The selection of the algorithm is arguably the most important decision that an ML application engineer will need to make, and the one that will take the most research. Sometimes, it is even required to combine an ML algorithm with traditional computer science algorithms to make a problem more tractable—an example of this is a recommender system that we consider later.
A good first step to start homing in on the best algorithm to solve a given problem is to determine whether a supervised or unsupervised approach is required. We introduced both earlier in the chapter. As a rule of thumb, when you are in possession of a labeled dataset and wish to categorize or predict a previously unseen sample, this will use a supervised algorithm. When you wish to understand an unlabeled dataset better by clustering it into different groups, possibly to then classify new samples against, you will use an unsupervised learning algorithm. A deeper understanding of the advantages and pitfalls of each algorithm and a thorough exploration of your data will provide enough information to select an algorithm. To help you get started, we cover a range of supervised learning algorithms in Chapter 3, Supervised Learning, and unsupervised learning algorithms in Chapter 4, Unsupervised Learning.
Some problems can lend themselves to a deft application of both ML techniques and traditional computer science. One such problem is recommender systems, which are now widespread in online retailers such as Amazon and Netflix. This problem asks, given a dataset of each users set of purchased items, predict a set of N items that the user is most likely to purchase next. This is exemplified in Amazons people who buy X also buy Y system.
The basic idea of the solution is that, if two users purchase very similar items, then any items not in the intersection of their purchased items are good candidates for their future purchases. First, transform the dataset so that it maps pairs of items to a score that expresses their co-occurrence. This can be computed by taking the number of times that the same customer has purchased both items, divided by the number of times a customer has purchased either one or the other, to give a number between 0 and 1. This now provides a labeled dataset to train a supervised algorithm such as a binary classifier to predict the score for a previously unseen pair. Combining this with a sorting algorithm can produce, given a single item, a list of items in a sorted rank of purchasability.

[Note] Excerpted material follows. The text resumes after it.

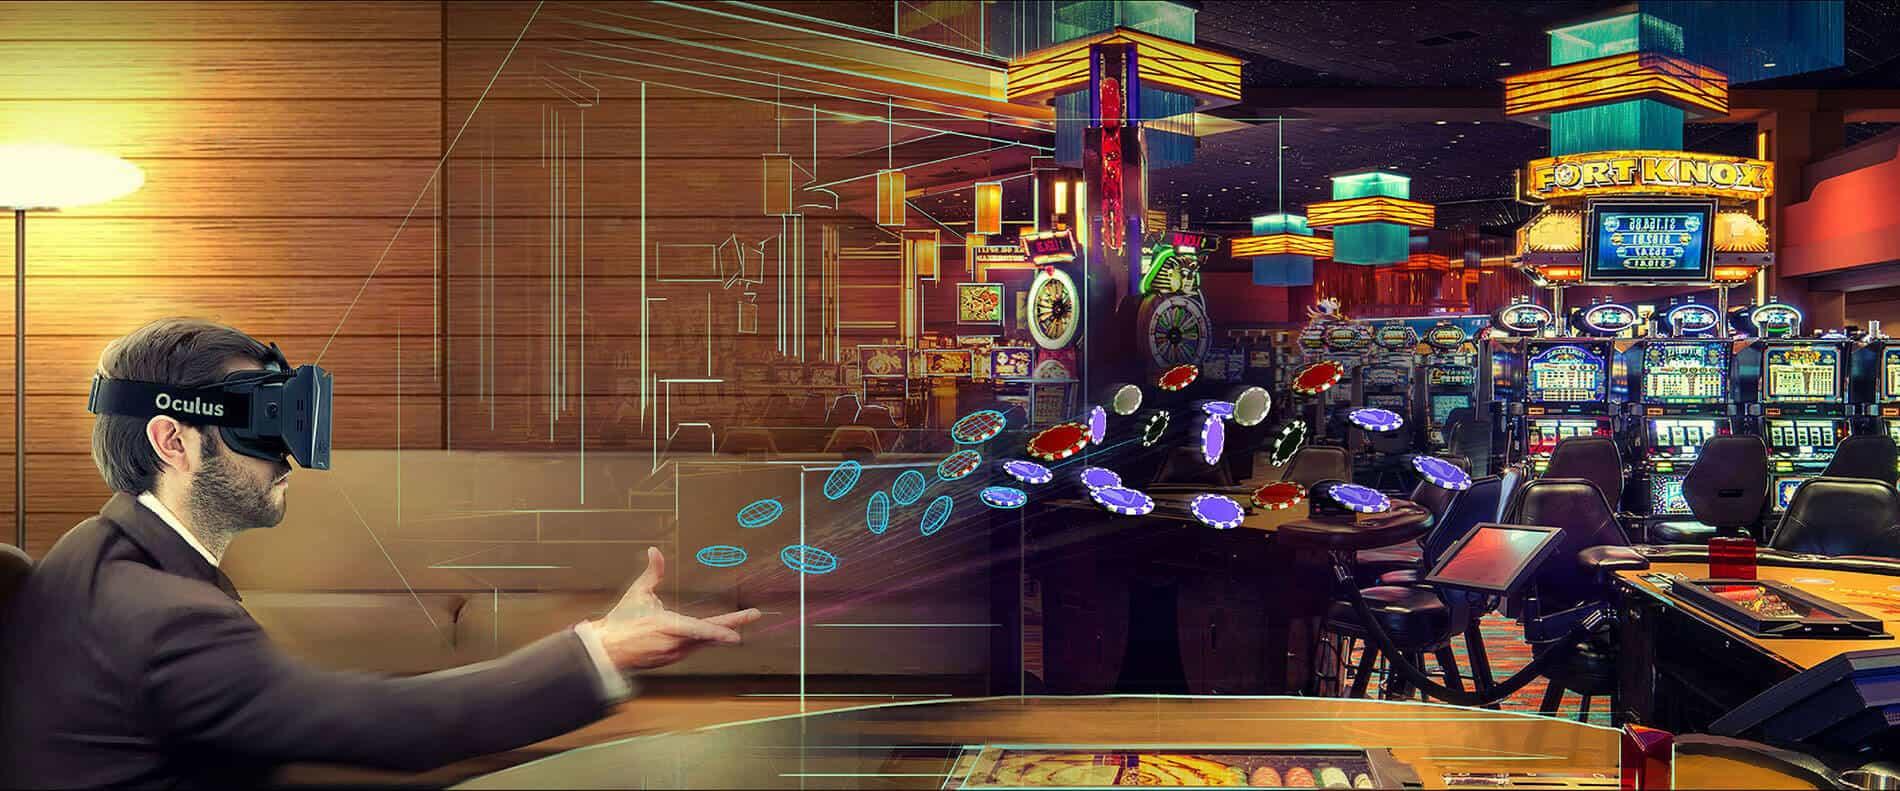 casino-vr

Data preparation refers to the processes performed on the input dataset before training the algorithm. A rigorous preparation process can simultaneously enhance the quality of the data and reduce the amount of time it will take the algorithm to reach the desired accuracy. The two steps to preparing data are data pre-processing and data transformation. We will go into more detail on preparing data in Chapters 2, Setting Up The Development Environment, Chapter 3, Supervised Learning, and Chapter 4, Unsupervised Learning.
Data pre-processing aims to transform the input dataset into a format that is adequate for work with the selected algorithm. A typical example of a pre-processing task is to format a date column in a certain way, or to ingest CSV files into a database, discarding any rows that lead to parsing errors. There may also be missing data values in an input data file that need to either be filled in (say, with a mean), or the entire sample discarded. Sensitive information such as personal information may need to be removed.
Data transformation is the process of sampling, reducing, enhancing, or aggregating the dataset to make it more suitable for the algorithm. If the input dataset is small, it may be necessary to enhance it by artificially creating more examples, such as rotating images in an image recognition dataset. If the input dataset has features that the exploration has deemed irrelevant, it would be wise to remove them. If the dataset is more granular than the problem requires, aggregating it to a coarser granularity may help speed up results, such as aggregating city-level data to counties if the problem only requires a prediction per county.
Finally, if the input dataset is particularly large, as is the case with many image datasets intended for use by deep learning algorithms, it would be a good idea to start with a smaller sample that will produce fast results so that the viability of the algorithm can be verified before investing in more computing resources.
The sampling process will also divide the input dataset into training and validation subsets. We will explain why this is necessary later, and what proportion of the data to use for both.
The most compute-intensive part of the ML development life cycle is the training process. Training an ML algorithm can take seconds in the simplest case or days when the input dataset is enormous and the algorithm requires many iterations to converge. The latter case is usually observed with deep learning techniques. For example, DeepMinds AlphaGo Zero algorithm took forty days to fully master the game of Go, even though it was proficient after only three. Many algorithms that operate on smaller datasets and problems other than image or sound recognition will not require such a large amount of time or computational resource.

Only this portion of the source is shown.